Task – Leave the pictures out. Return all other data exactly.

Given information –
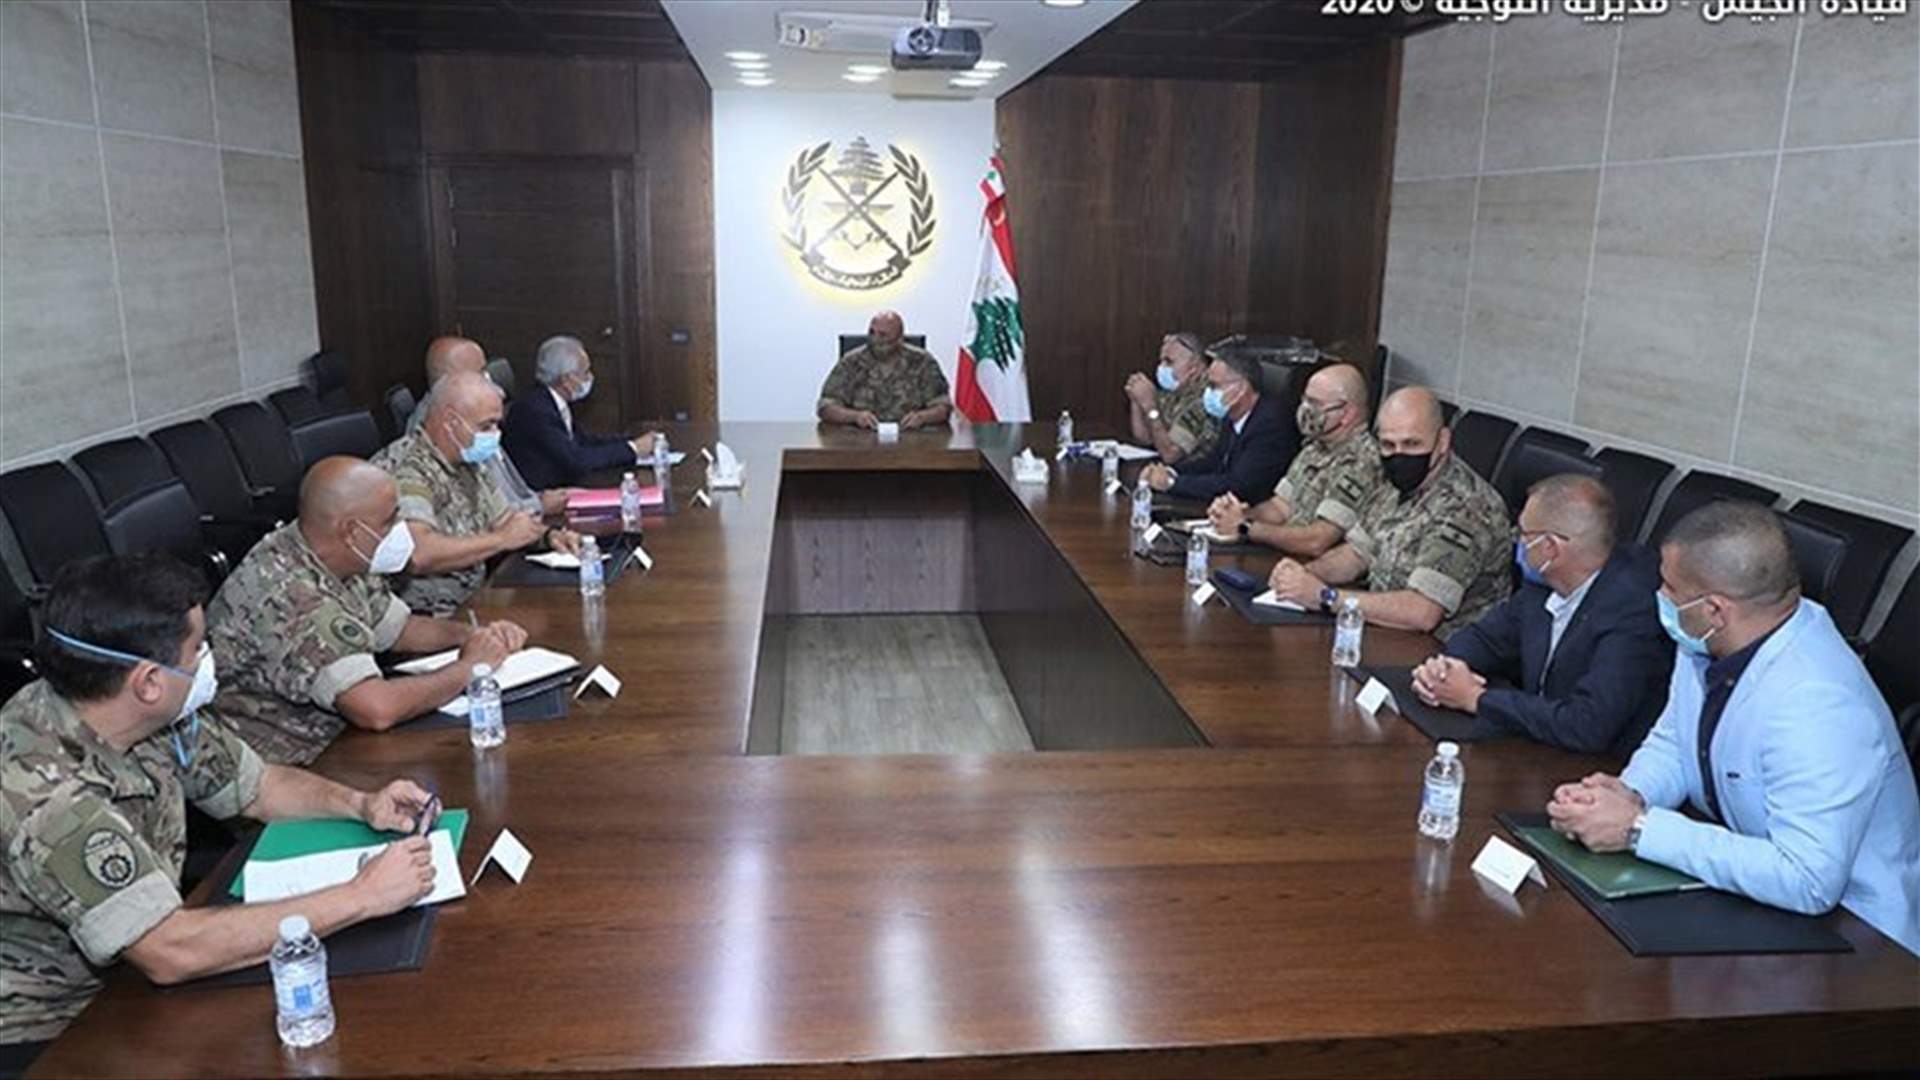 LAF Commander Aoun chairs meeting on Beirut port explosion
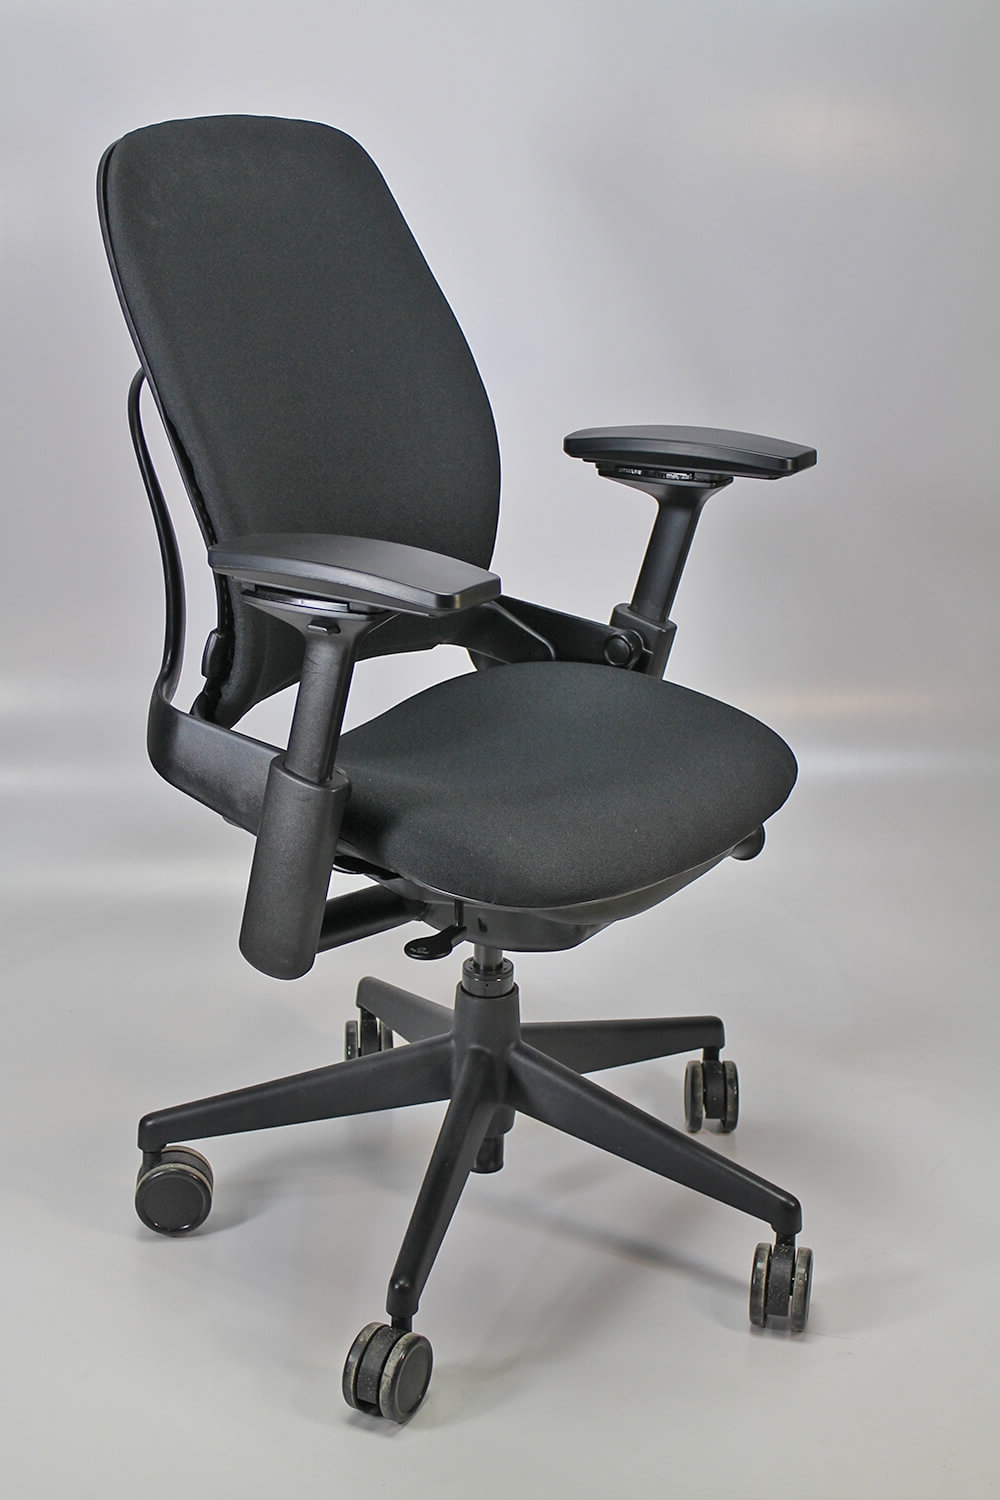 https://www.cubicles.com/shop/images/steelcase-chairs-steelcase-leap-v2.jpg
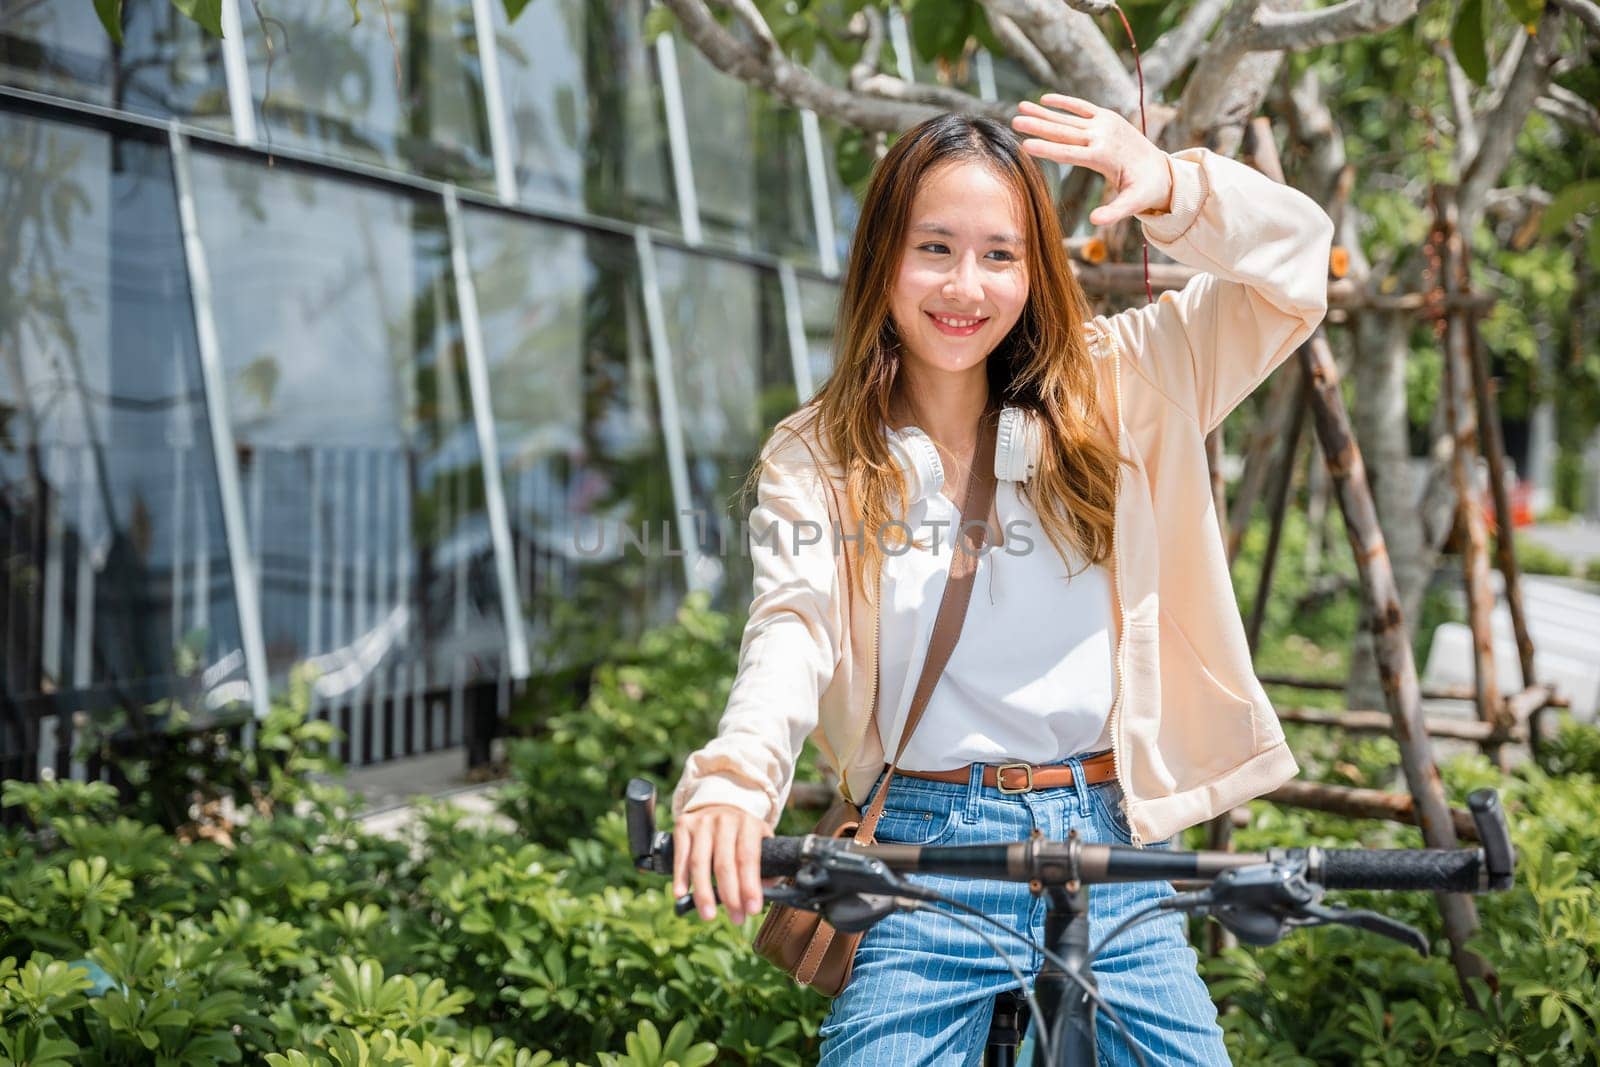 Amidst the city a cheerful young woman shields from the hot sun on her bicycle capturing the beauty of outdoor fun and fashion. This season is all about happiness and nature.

Answer section –
 LAF Commander Aoun chairs meeting on Beirut port explosion
 https://www.cubicles.com/shop/images/steelcase-chairs-steelcase-leap-v2.jpg
 Amidst the city a cheerful young woman shields from the hot sun on her bicycle capturing the beauty of outdoor fun and fashion. This season is all about happiness and nature.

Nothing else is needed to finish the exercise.